What Is a Kernel in SVM? The Kernel Trick Explained

A kernel in a support vector machine (SVM) is a function that measures similarity between two data points, allowing the algorithm to find patterns in data that isn’t separable by a straight line. Instead of literally transforming your data into a higher-dimensional space (which would be computationally expensive), the kernel computes what the result of that transformation would be, skipping the heavy lifting entirely. This shortcut is known as the kernel trick, and it’s the core idea that makes SVMs powerful for complex, non-linear classification problems.

Why SVMs Need Kernels

At its simplest, an SVM draws a line (or a flat plane, in higher dimensions) that separates two classes of data with the widest possible margin. This works beautifully when the data is already neatly separable. But real-world data rarely cooperates. Imagine two classes of points arranged in concentric circles: no straight line can separate them.

The classic solution is to project the data into a higher-dimensional space where a flat separator does exist. A point described by two features might get mapped into a space with dozens or hundreds of features, where the circular boundary becomes a flat plane. The problem is that computing in these enormous spaces is expensive. If you have d original features and map to all possible combinations, you end up with 2^d terms to calculate for every pair of data points.

Kernels solve this by computing the similarity between two points as if they were already in that high-dimensional space, without ever building the full transformed vectors.
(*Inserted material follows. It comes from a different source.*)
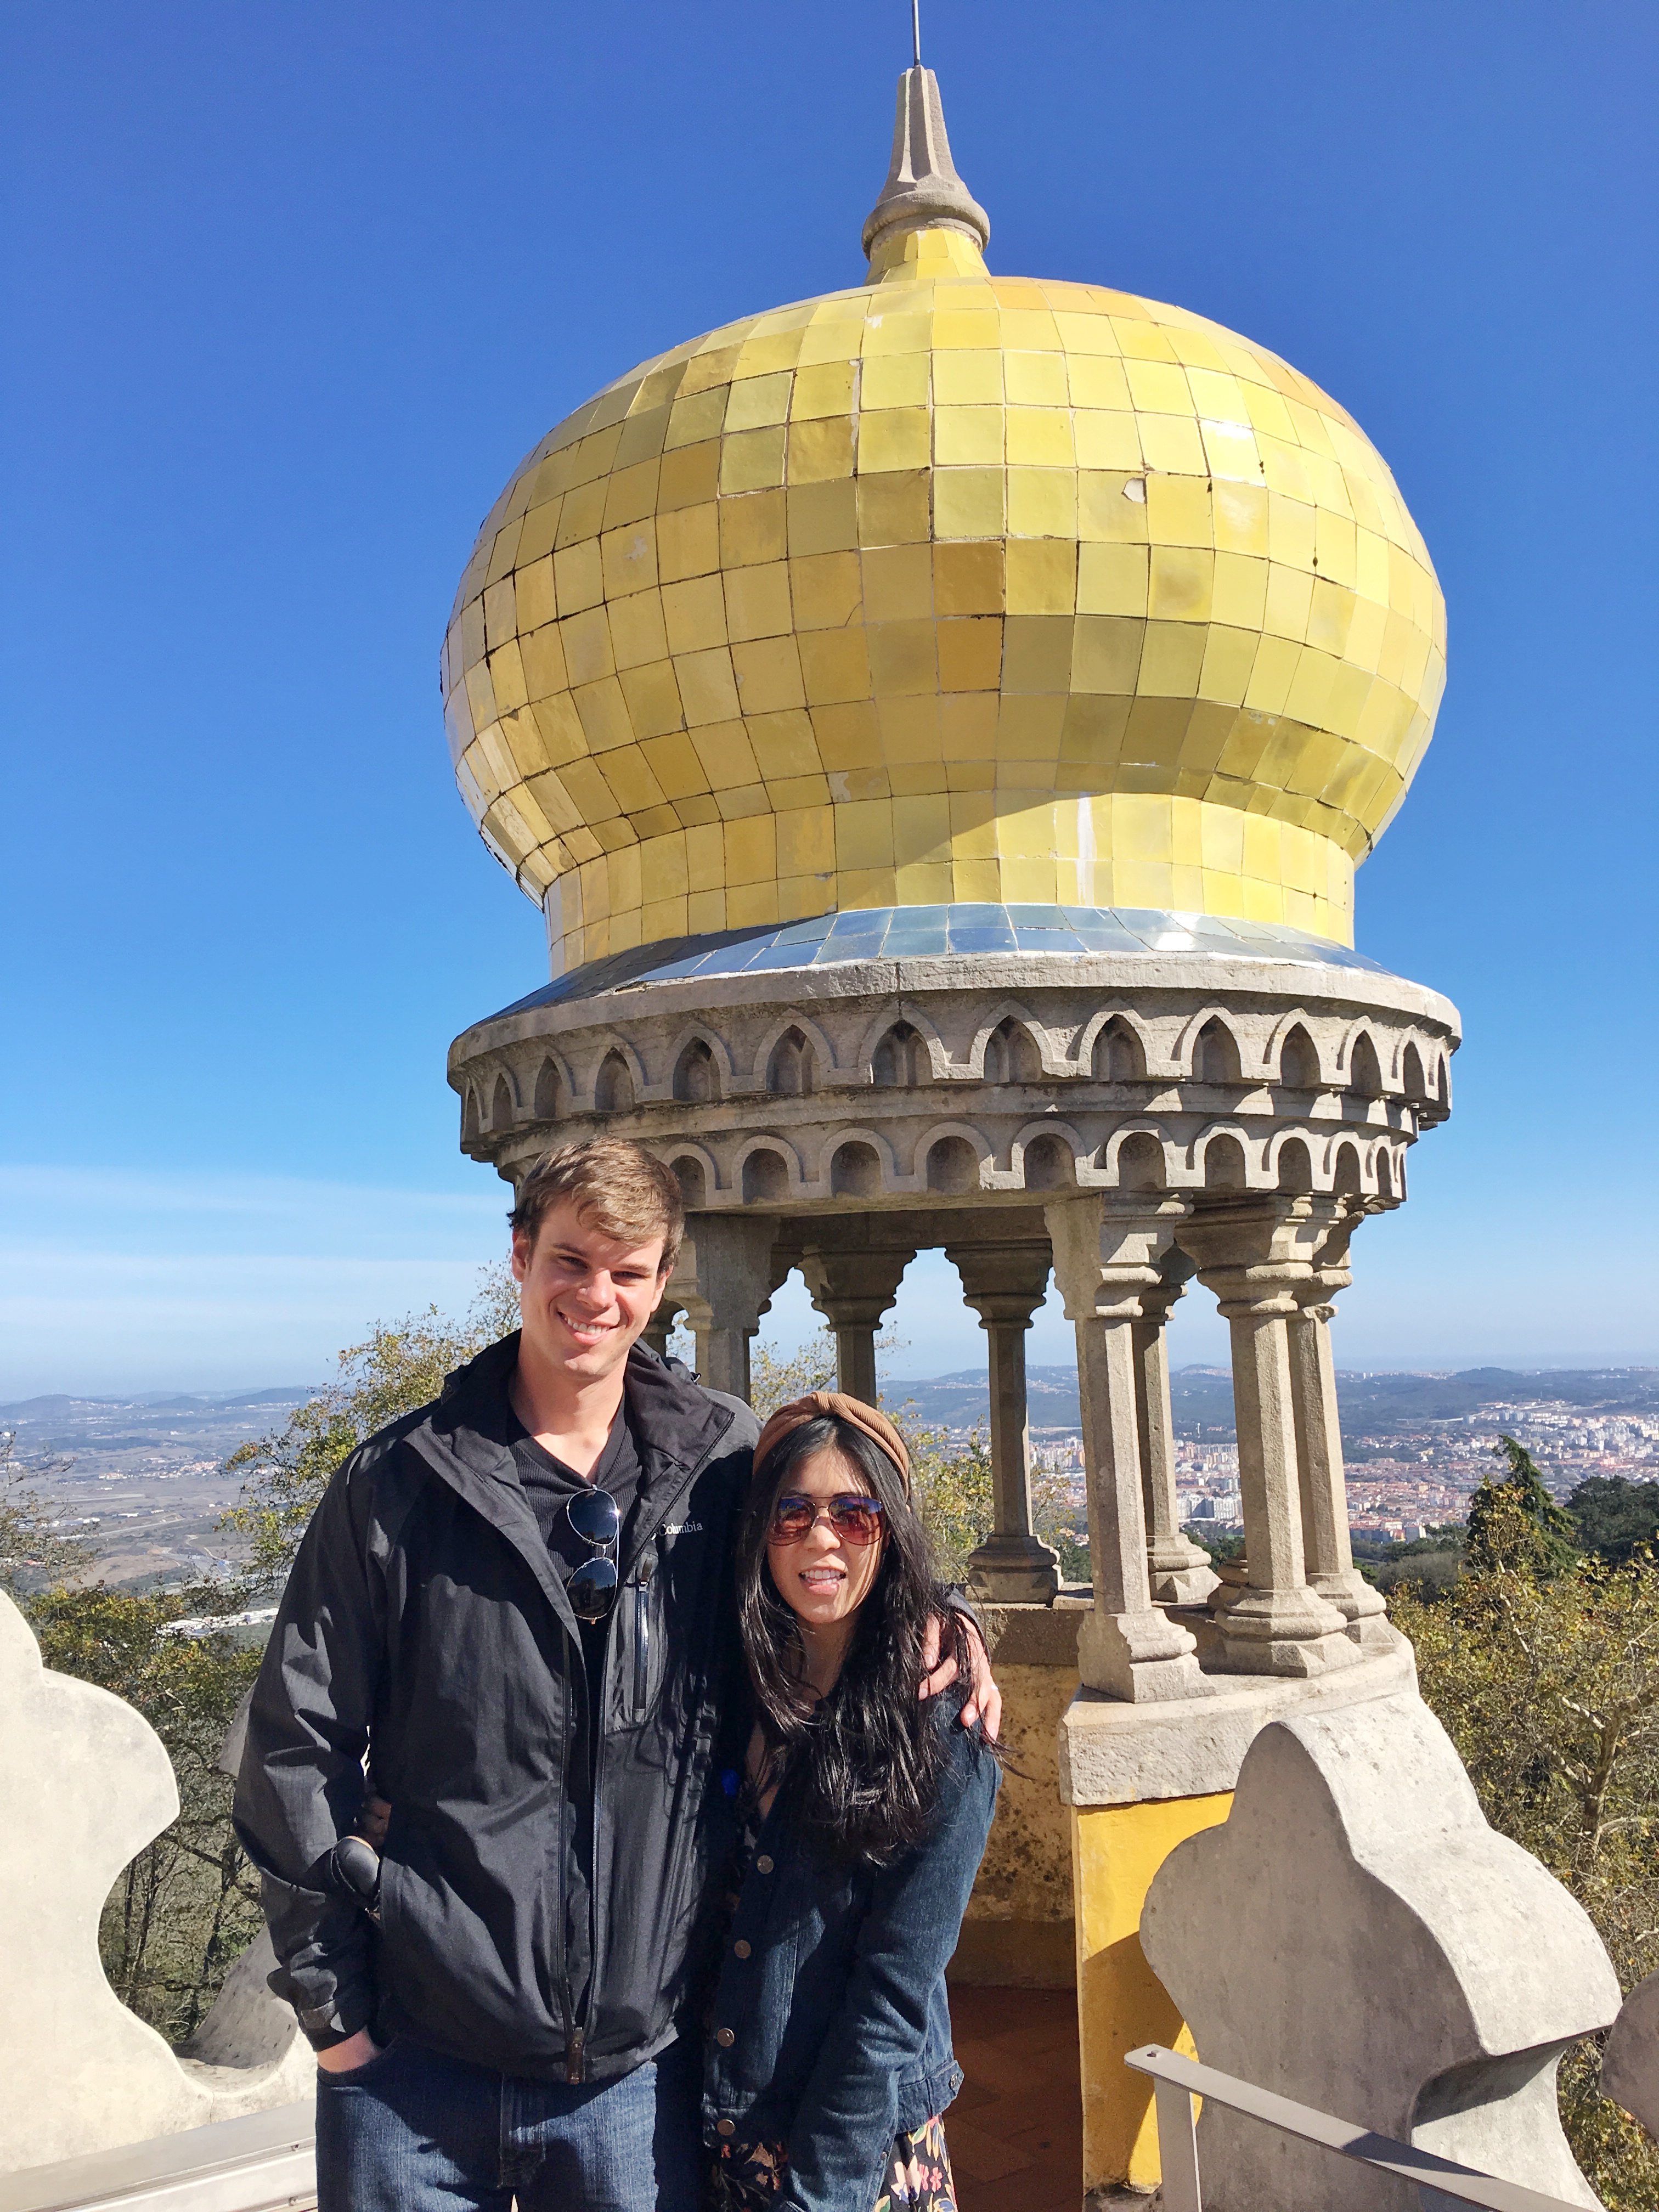 Dome of Pena Palace

A sum of 2^d terms collapses into a product of just d terms. The computation drops from exponential to linear, and the SVM learns the same decision boundary it would have found in the expanded space.
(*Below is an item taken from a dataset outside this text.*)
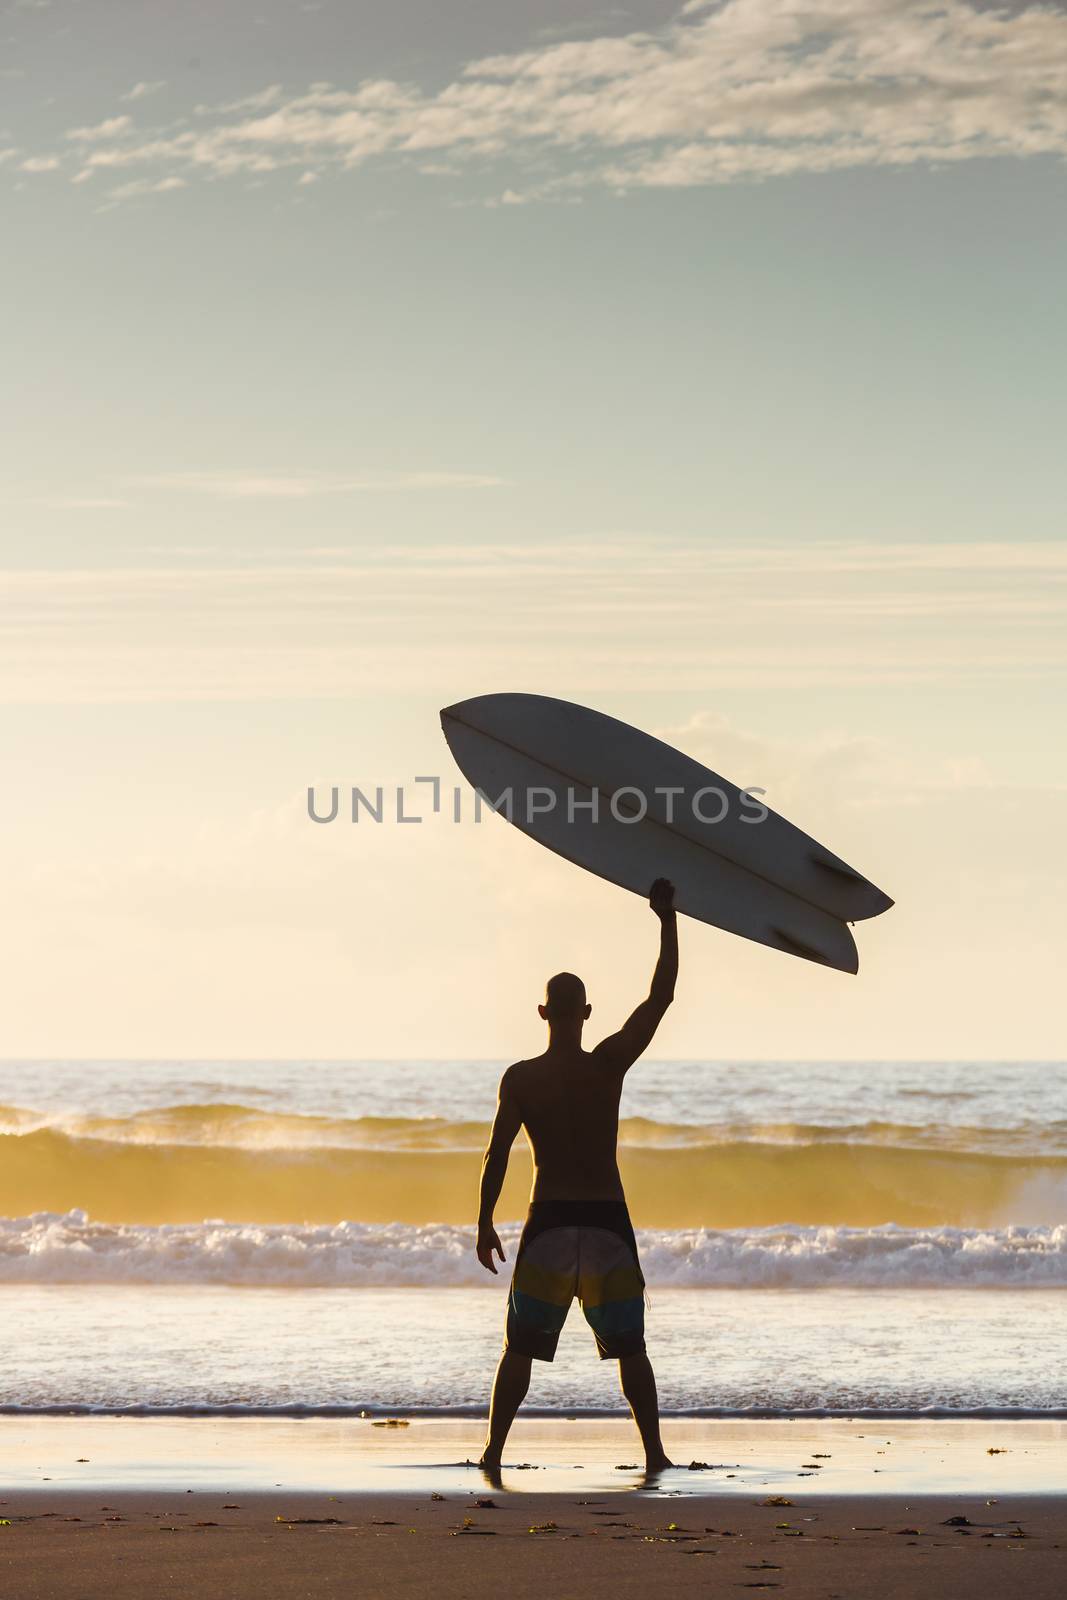 Let's Surf by Iko

How the Kernel Trick Works

SVMs don’t actually need the transformed data points themselves. During training, the algorithm only ever uses dot products between pairs of data points. A dot product is a single number that captures how similar two vectors are. The kernel function takes two original data points and returns the dot product their transformed versions would have produced, without performing the transformation.
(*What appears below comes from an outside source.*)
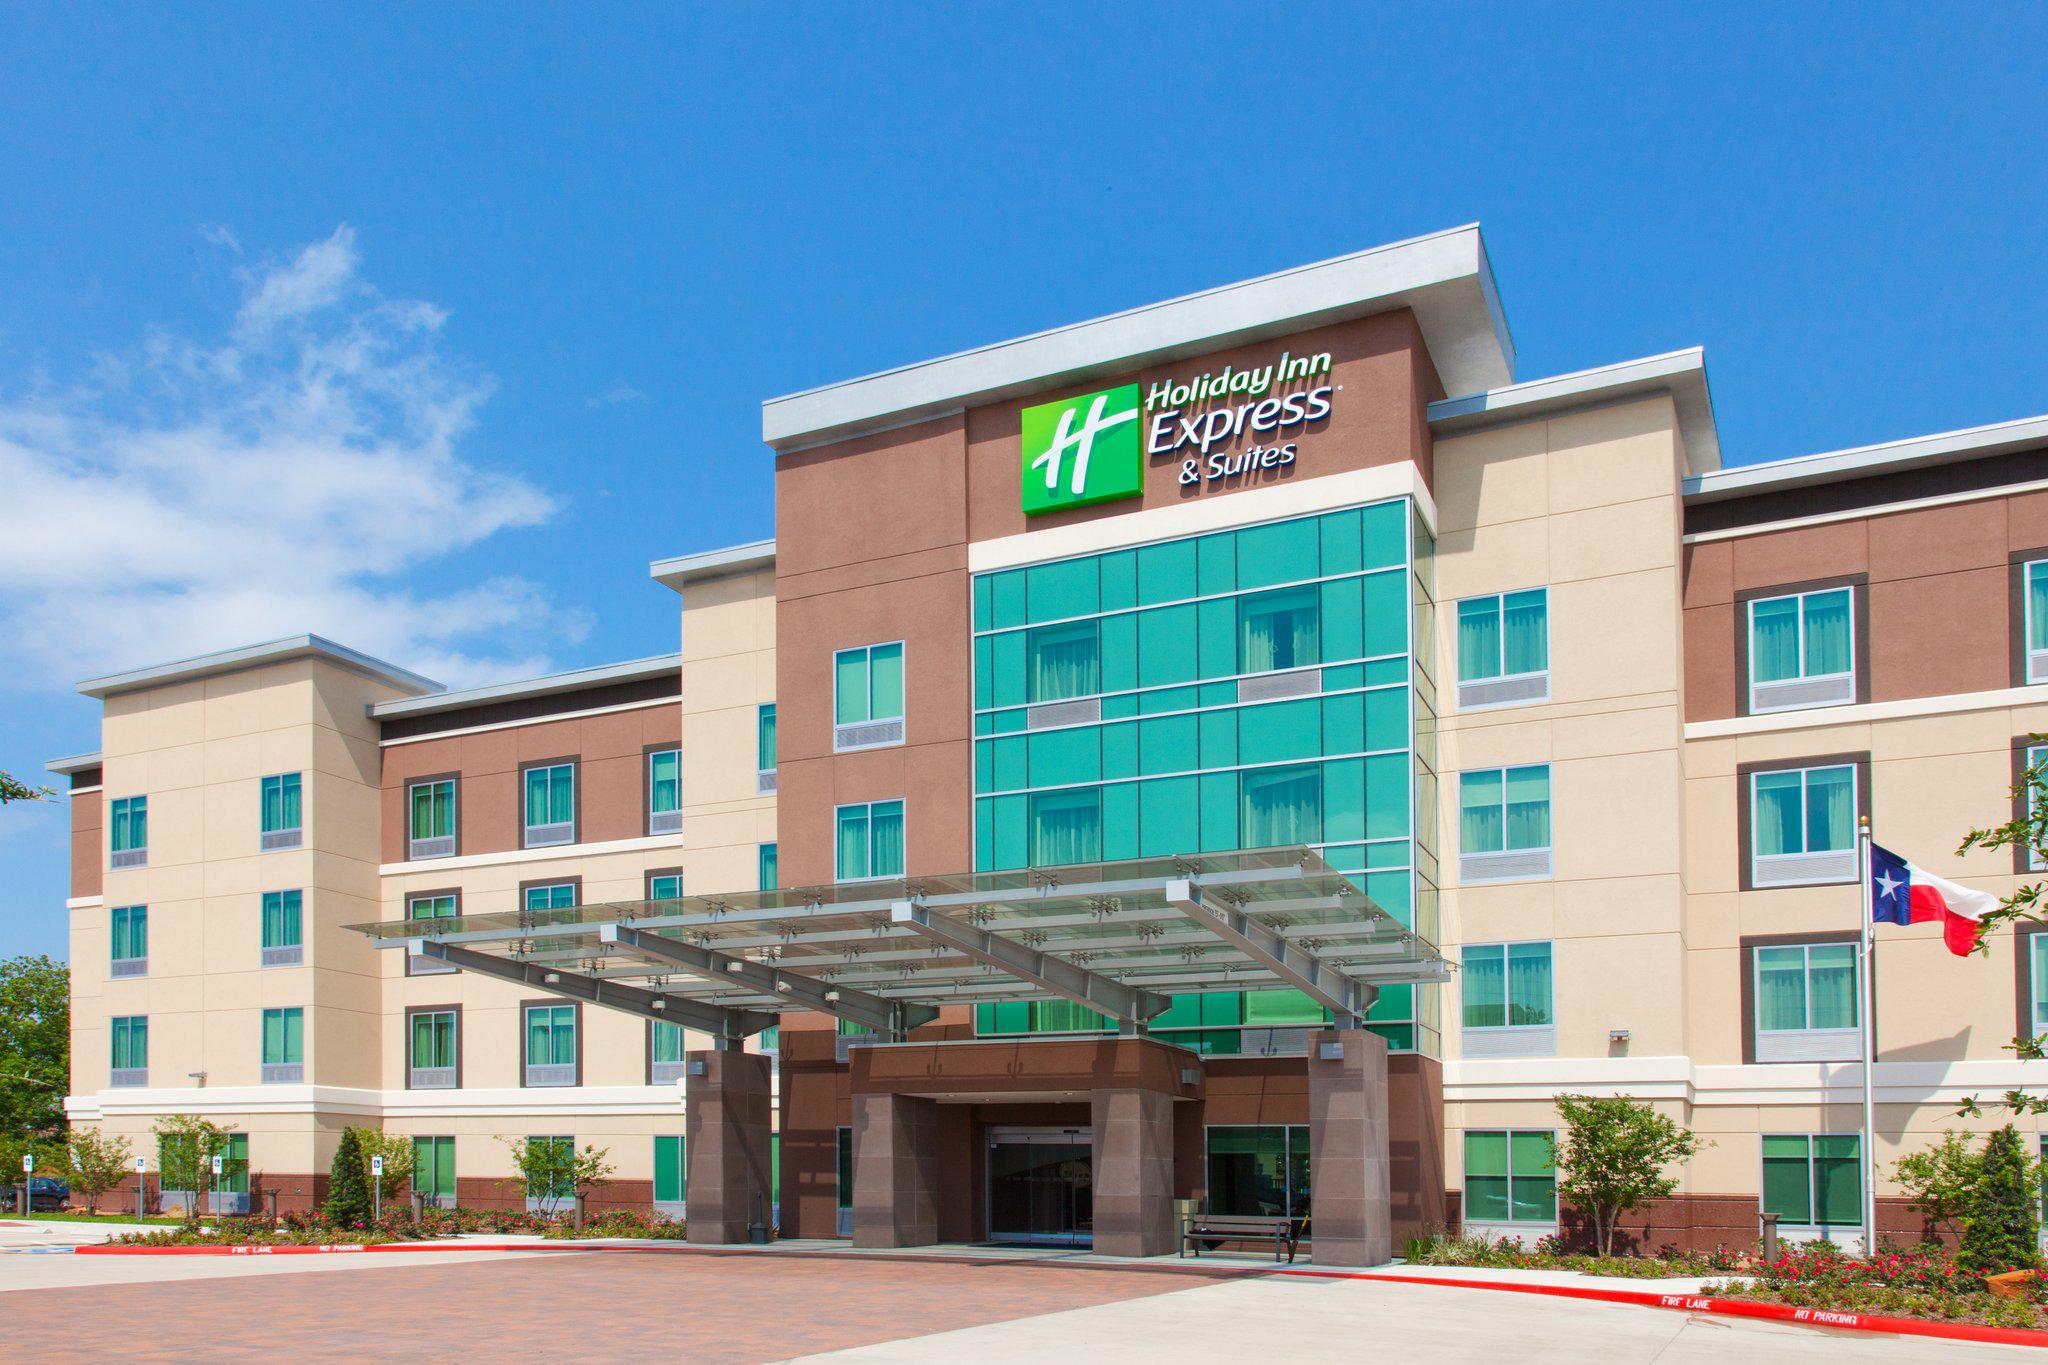 Holiday Inn Express & Suites Houston S - Medical Ctr Area Photo

Formally, a kernel function K(x, z) equals the dot product of the transformed points: φ(x)ᵀφ(z). The SVM never computes φ(x) or φ(z) individually. It just calls the kernel function whenever it needs a similarity score between two points. This means you can work in an effectively infinite-dimensional space at minimal computational cost.

Not every function qualifies as a valid kernel. A function must satisfy a mathematical property called the Mercer condition, which essentially requires it to be “positive semi-definite.” In practical terms, this guarantees that the function behaves like a real dot product in some space. All the standard kernels used in practice meet this requirement.

Common Kernel Types

Most SVM implementations offer a small set of well-tested kernels, each suited to different data shapes.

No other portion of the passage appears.